Commenting on the recognition, Yinson group CEO Lim Chern Yuan said: “The double A1/A+ rating is a confirmation of Yinson’s solid credit profile and strong track record in delivering on our commitments over the years. Despite the unprecedented pandemic, we have proven that our business is resilient with the quality of our long-term contracts.

"Our business remains buoyant and we are well equipped to deliver stronger earnings through the contributions of each of our business divisions as we continue to gear for greater growth in the energy and technology industry," he added.

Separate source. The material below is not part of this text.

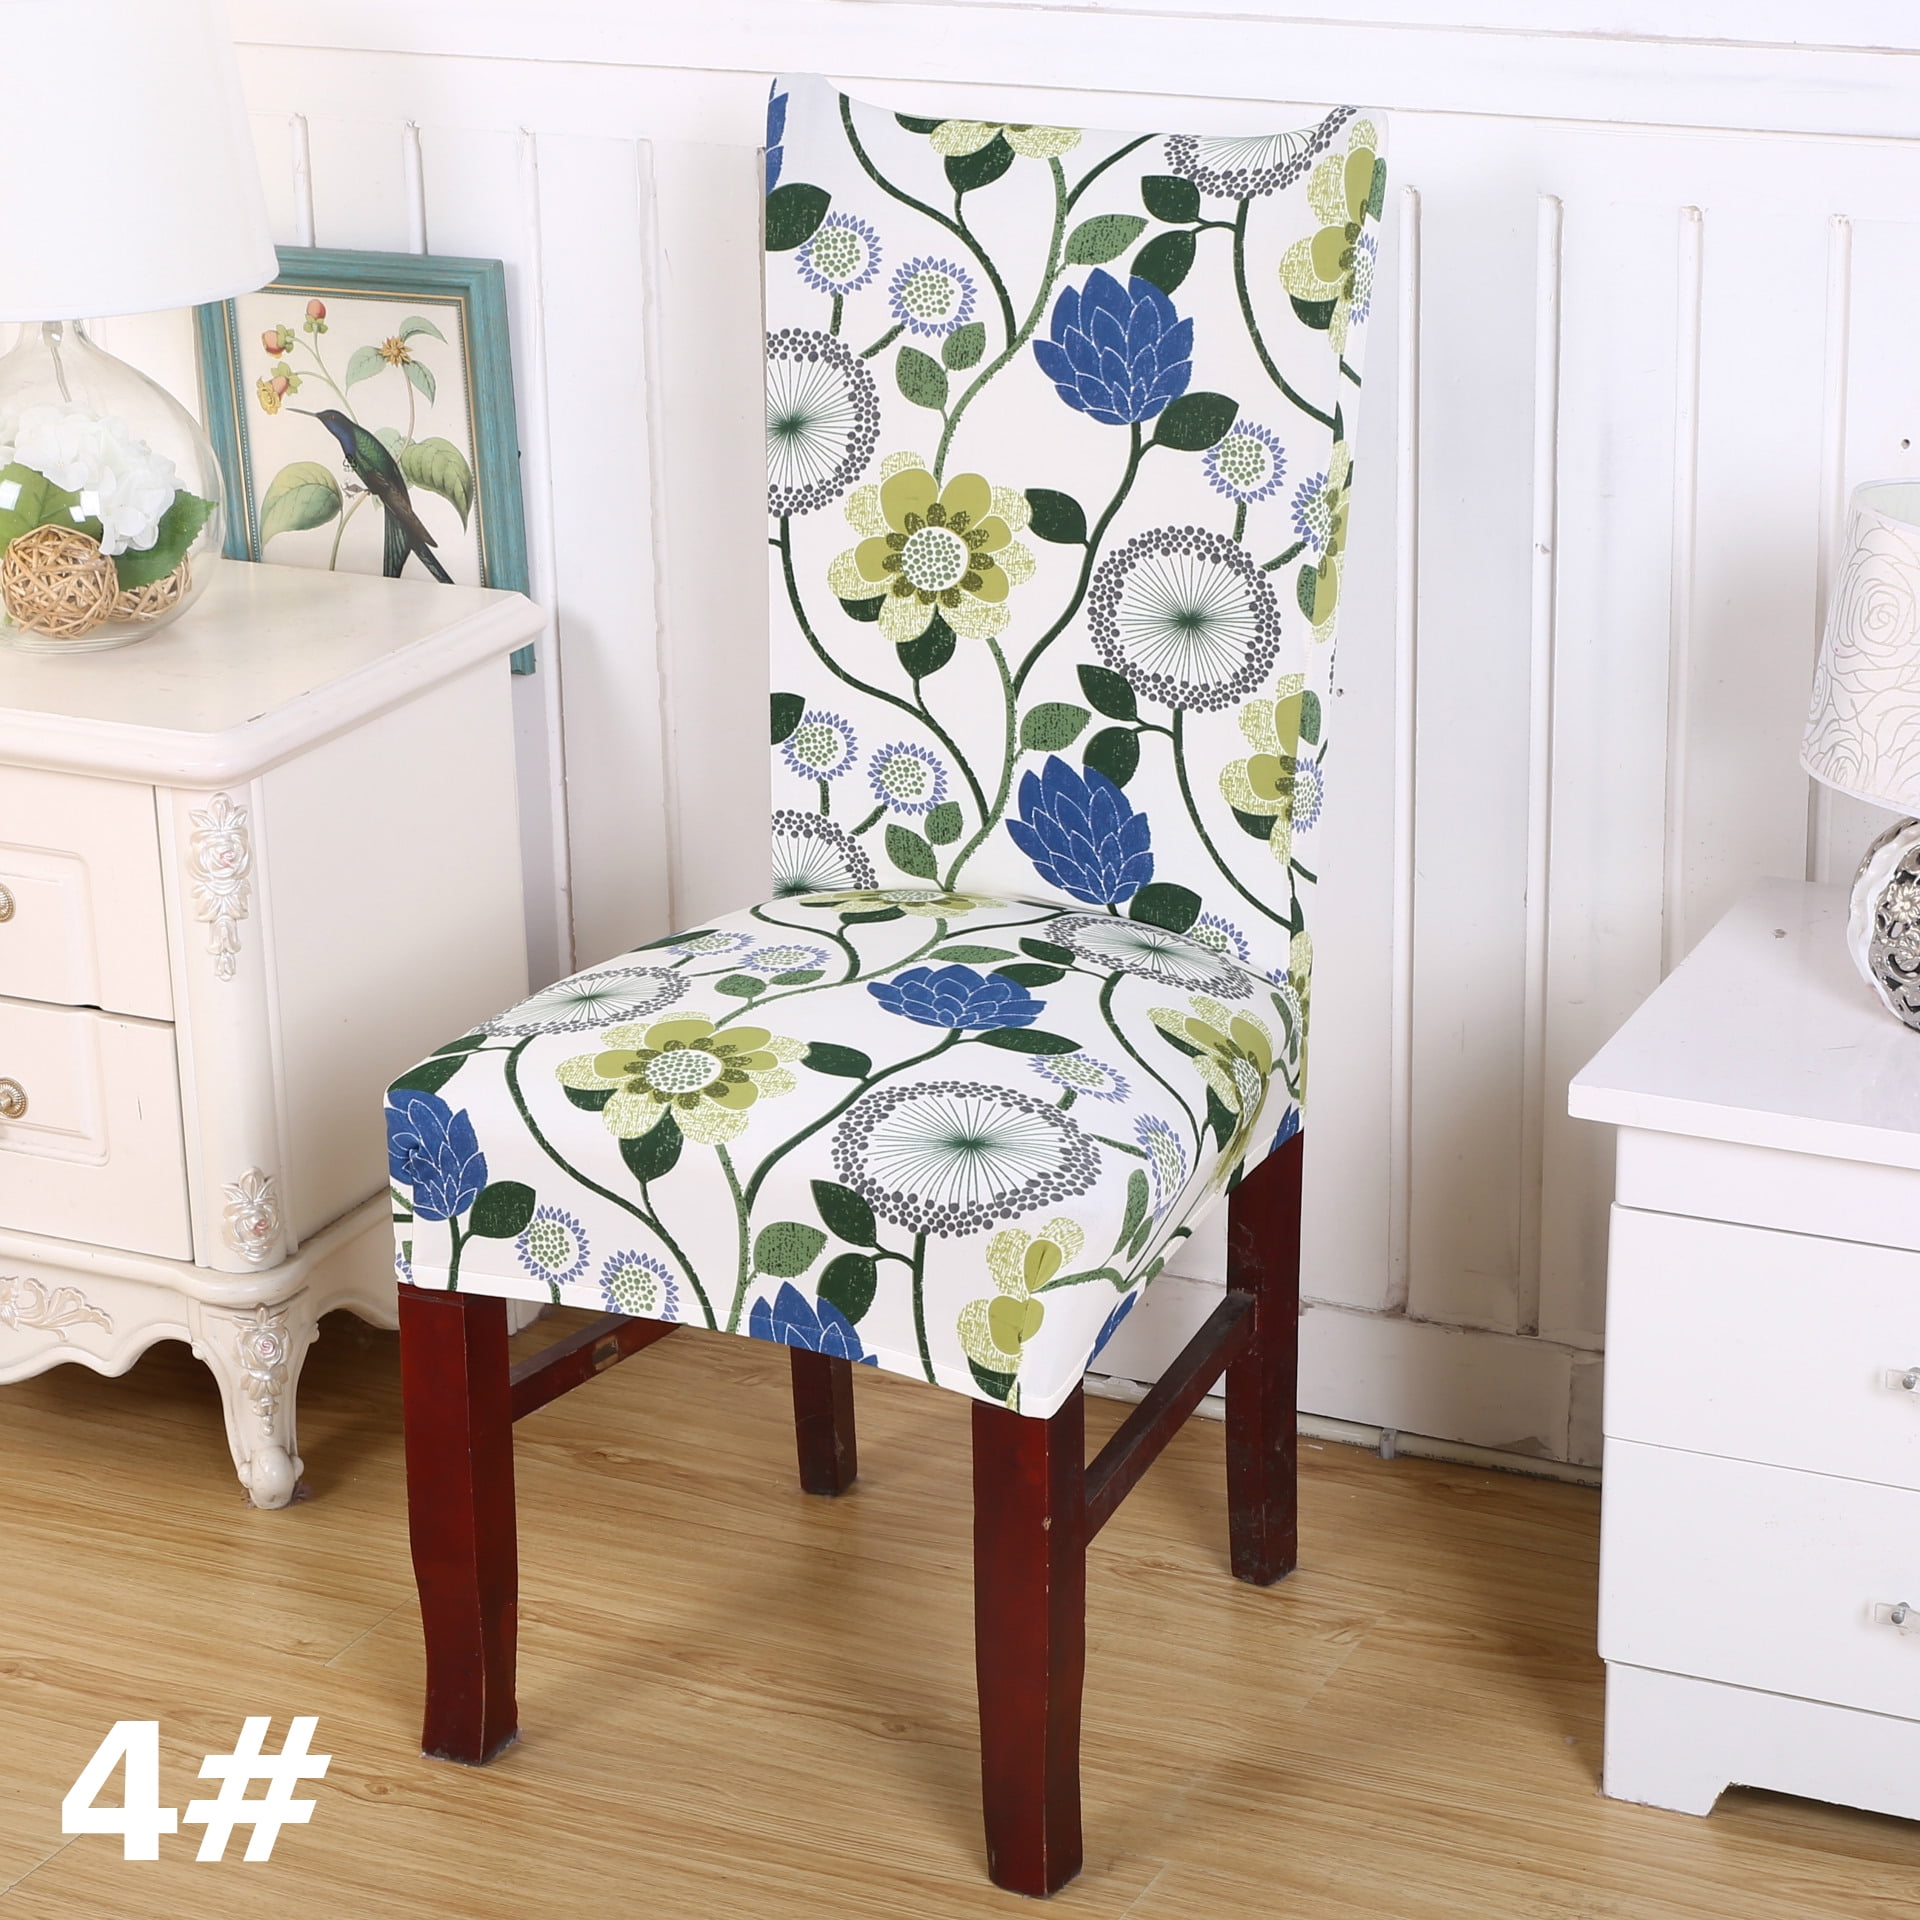 Details about   Geometric Dining Chair Cover Spandex Elastic Chair Slipcover Stretch  Covers 1PC 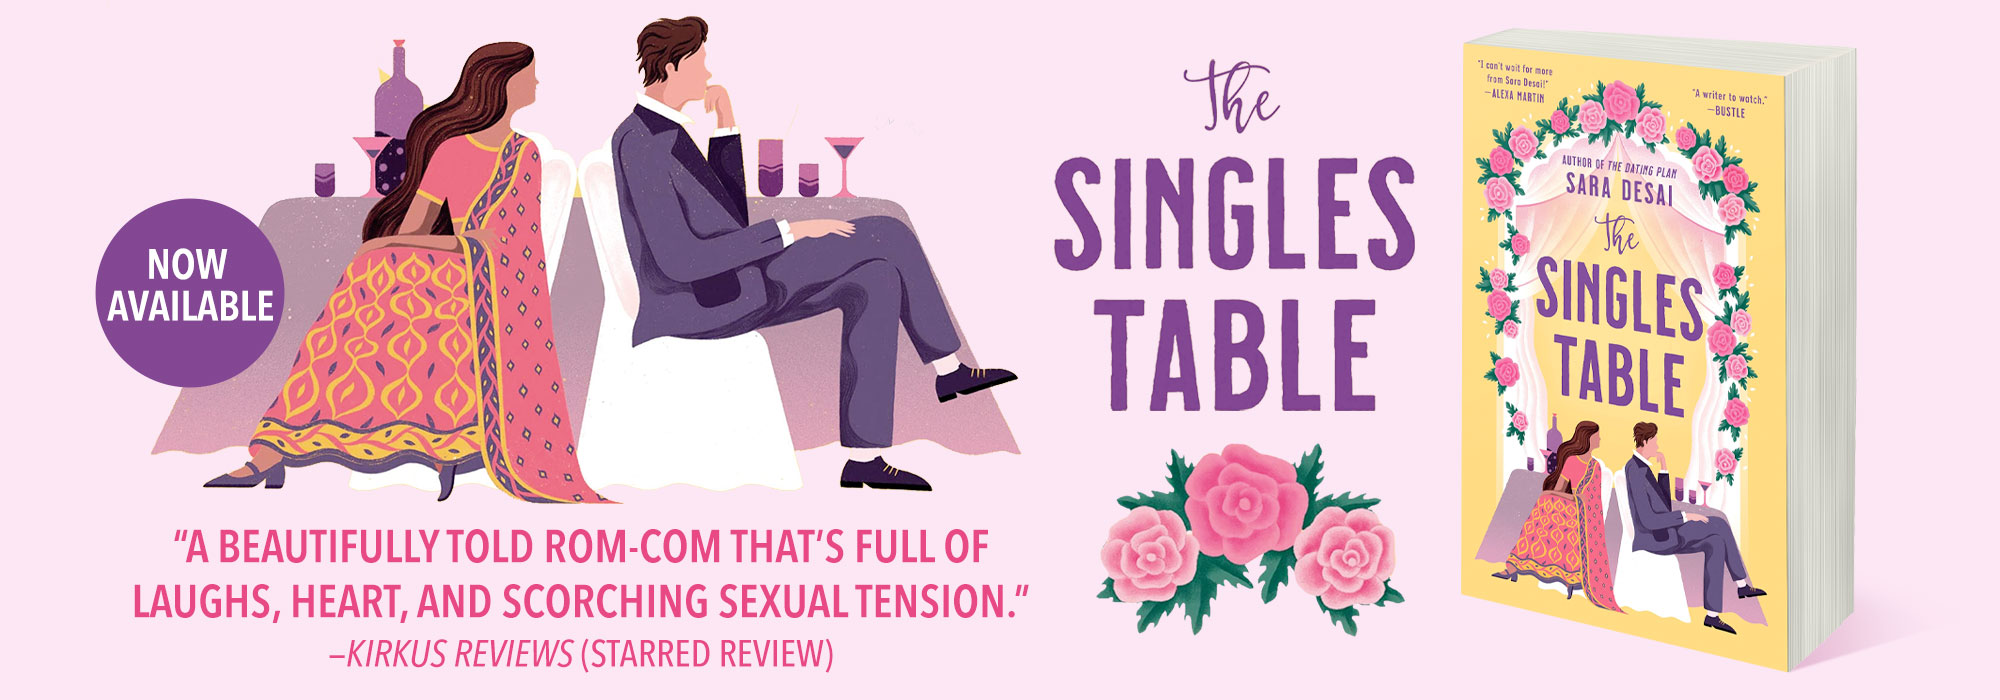 Now Available: The Singles Table

Yinson chief strategy officer Daniel Bong said the ratings are an important indication of Yinson’s strong capacity to meet its financial obligations, as well as a key prerequisite for the company’s expansion and growth plans.

He said Yinson’s strategies to increase capital velocity through equity selldown, refinancing and re-leveraging order book backlogs, allowed the group to better manage cash flow requirements of ongoing projects whilst building a substantial cash and cash equivalent reserve for operations.

Yinson noted that the group diversified into renewables in 2019, and has grown its renewables footprint rapidly through the acquisition of 95% of Rising Sun Energy Ltd which owns operating solar plants of 140MW and securing contract for the construction and operation of a 190MW solar plant in the Nokh Solar Park in India's Rajasthan state.

Earlier this week, Yinson announced its collaboration with Chile-based renewable energy developer Verano Capital Holdings SpA to progress a pipeline of over 800MW of utility scale solar projects.

Its Green Technologies division — established in September 2020 — has already announced investments into advanced hydrofoil technology for light marine crafts, autonomous driverless solutions and battery swap e-mobility infrastructure, the group noted..

Yinson's share price closed two sen or 0.4% higher at RM4.99, for a market capitalisation of RM5.49 billion.